Your goal = Copy the data exactly; pictures stay out of the copy.

Given information =
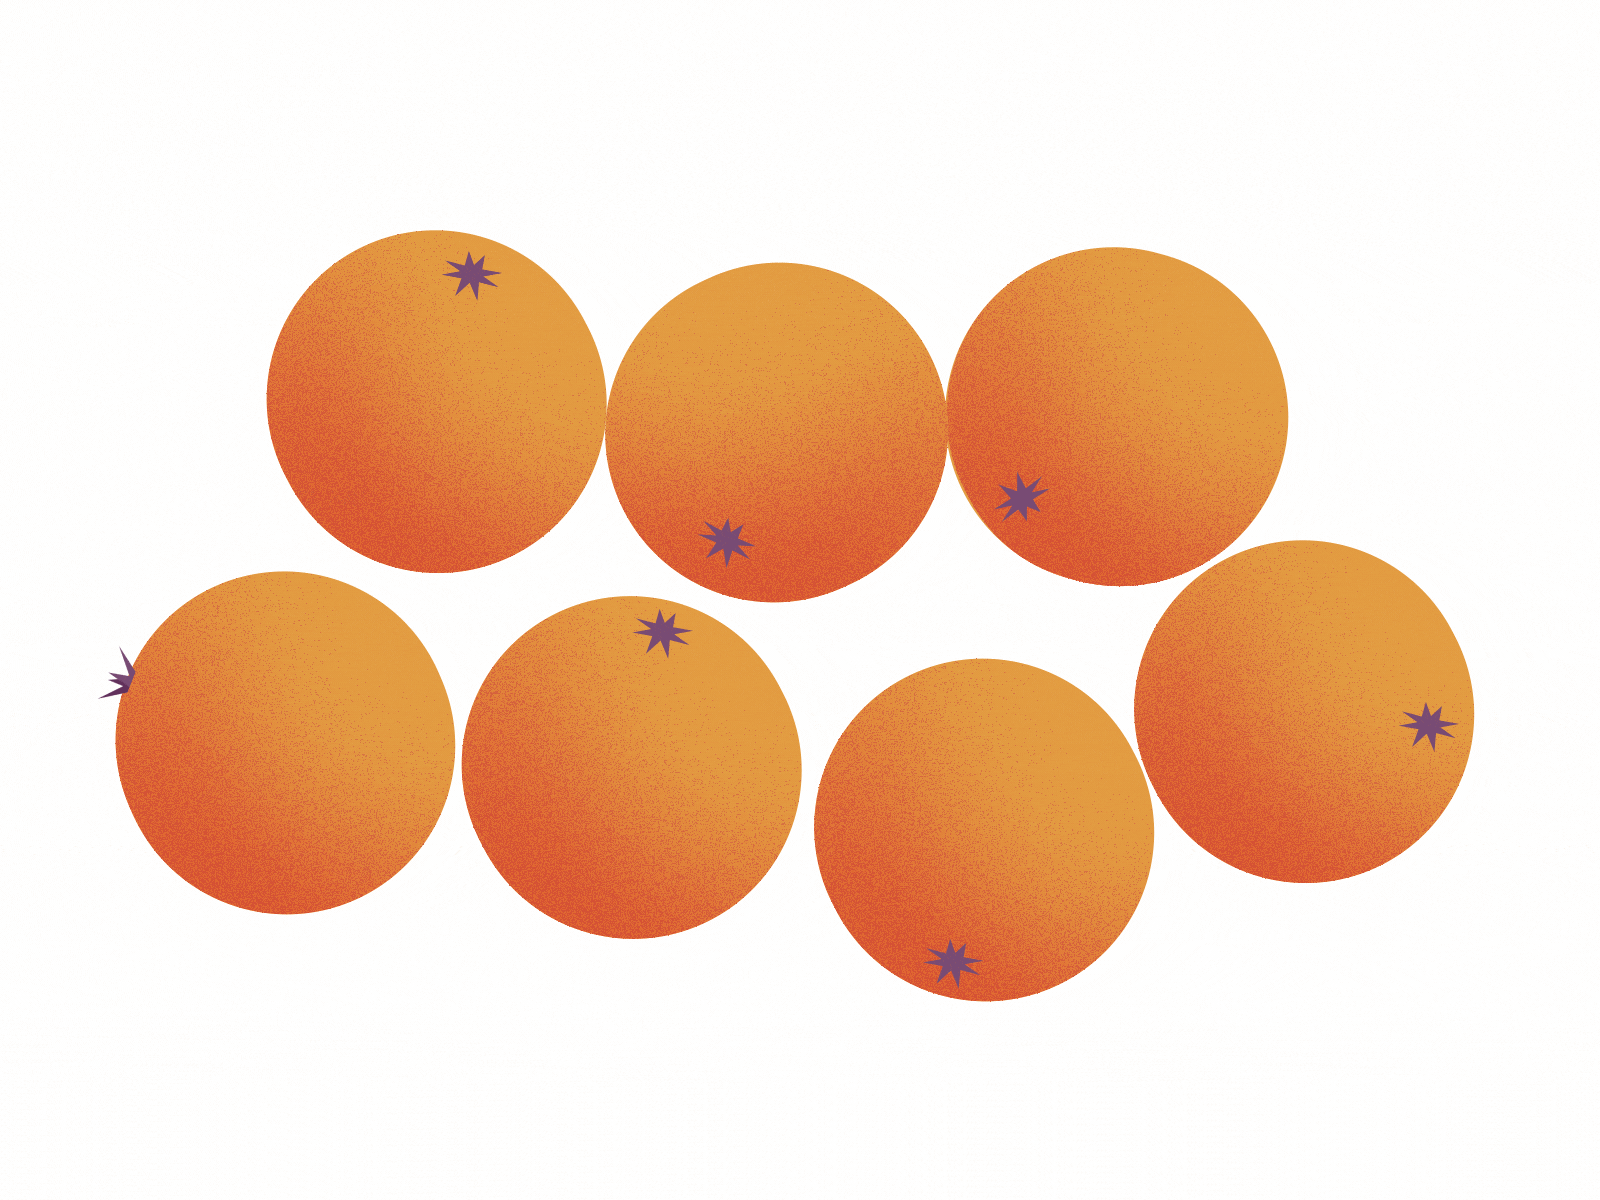 Juicy oranges 🍊
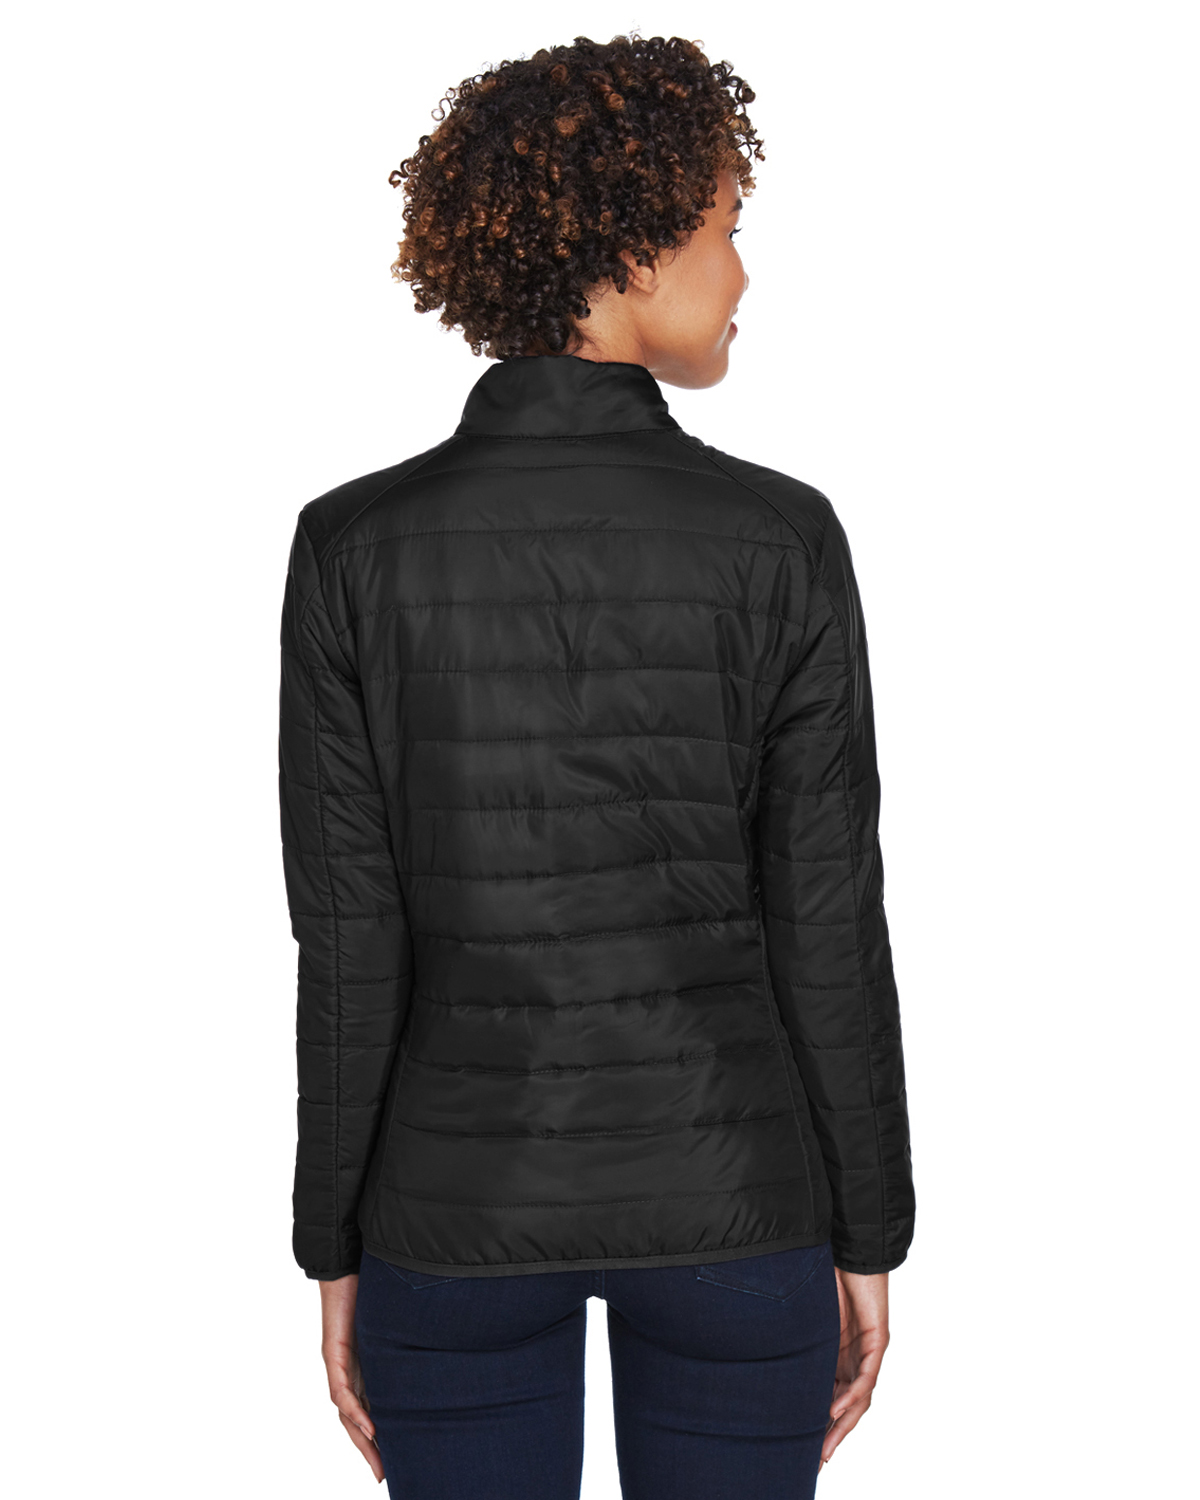 Ladies' Prevail Packable Puffer Jacket - BLACK - S - image 2 of 3
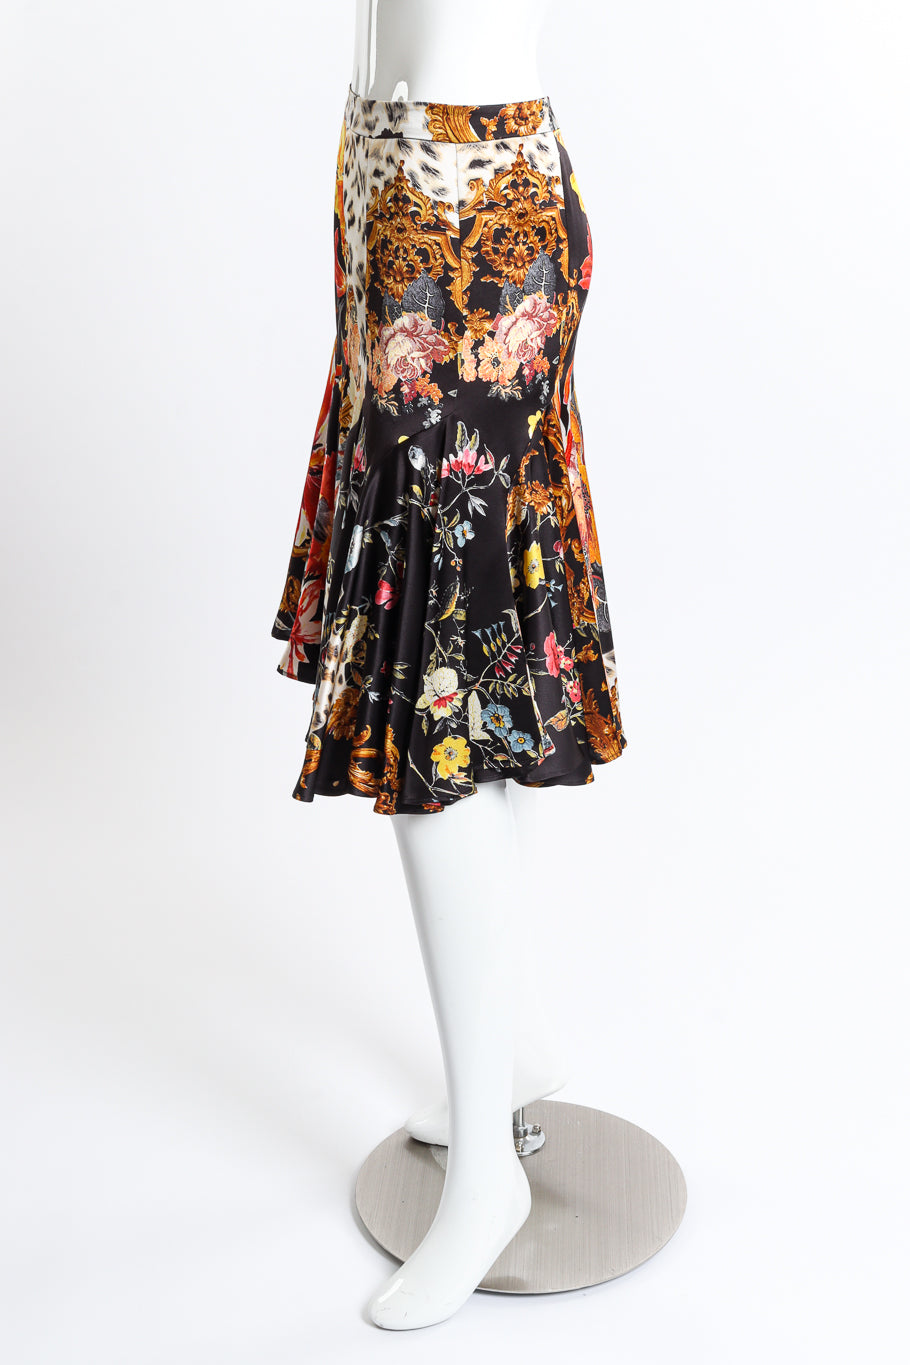 Vintage Roberto Cavalli Floral Leopard Ruffle Skirt side on mannequin @recess la
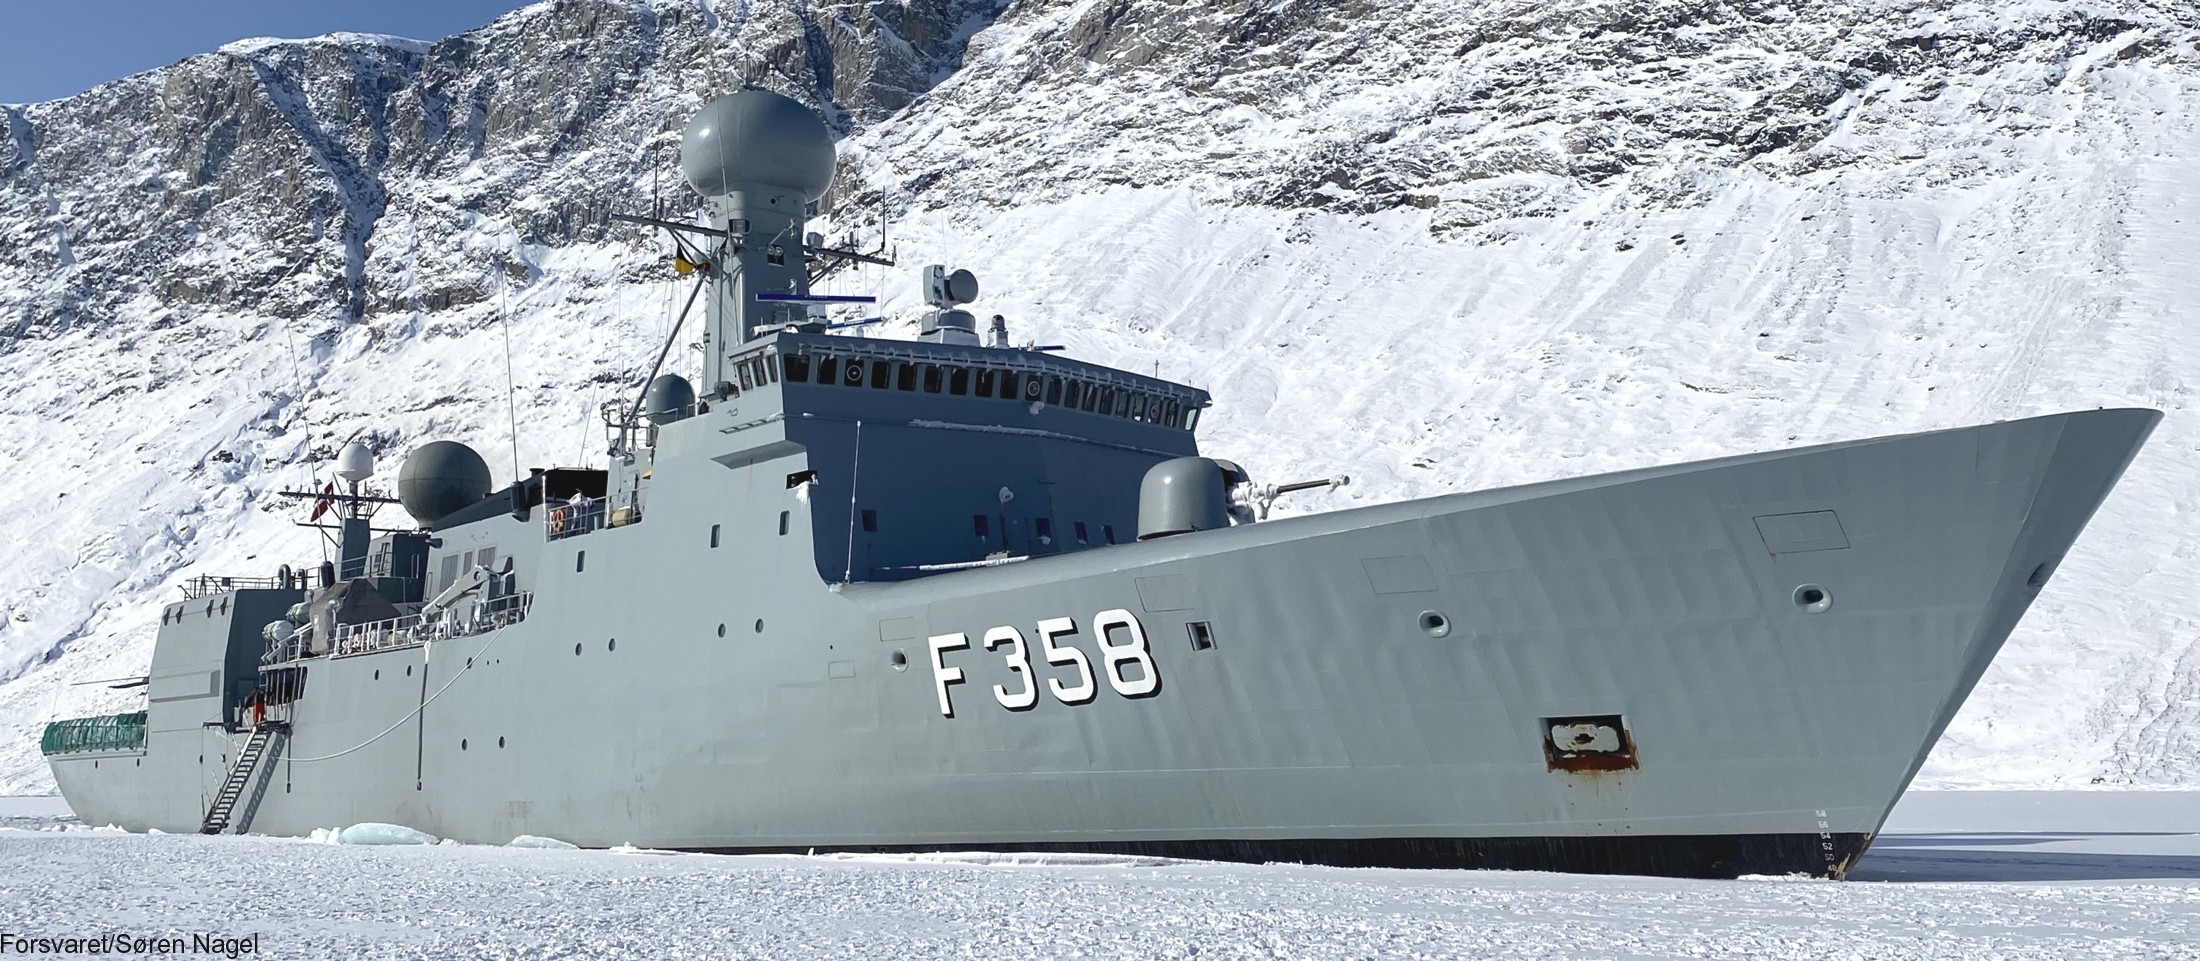 f-358 hdms triton thetis class ocean patrol frigate royal danish navy kongelige danske marine kdm inspektionsskibet 06 arctic ice

Finished task =
 Juicy oranges 🍊
 Ladies' Prevail Packable Puffer Jacket - BLACK - S - image 2 of 3
 Vintage Roberto Cavalli Floral Leopard Ruffle Skirt side on mannequin @recess la
 f-358 hdms triton thetis class ocean patrol frigate royal danish navy kongelige danske marine kdm inspektionsskibet 06 arctic ice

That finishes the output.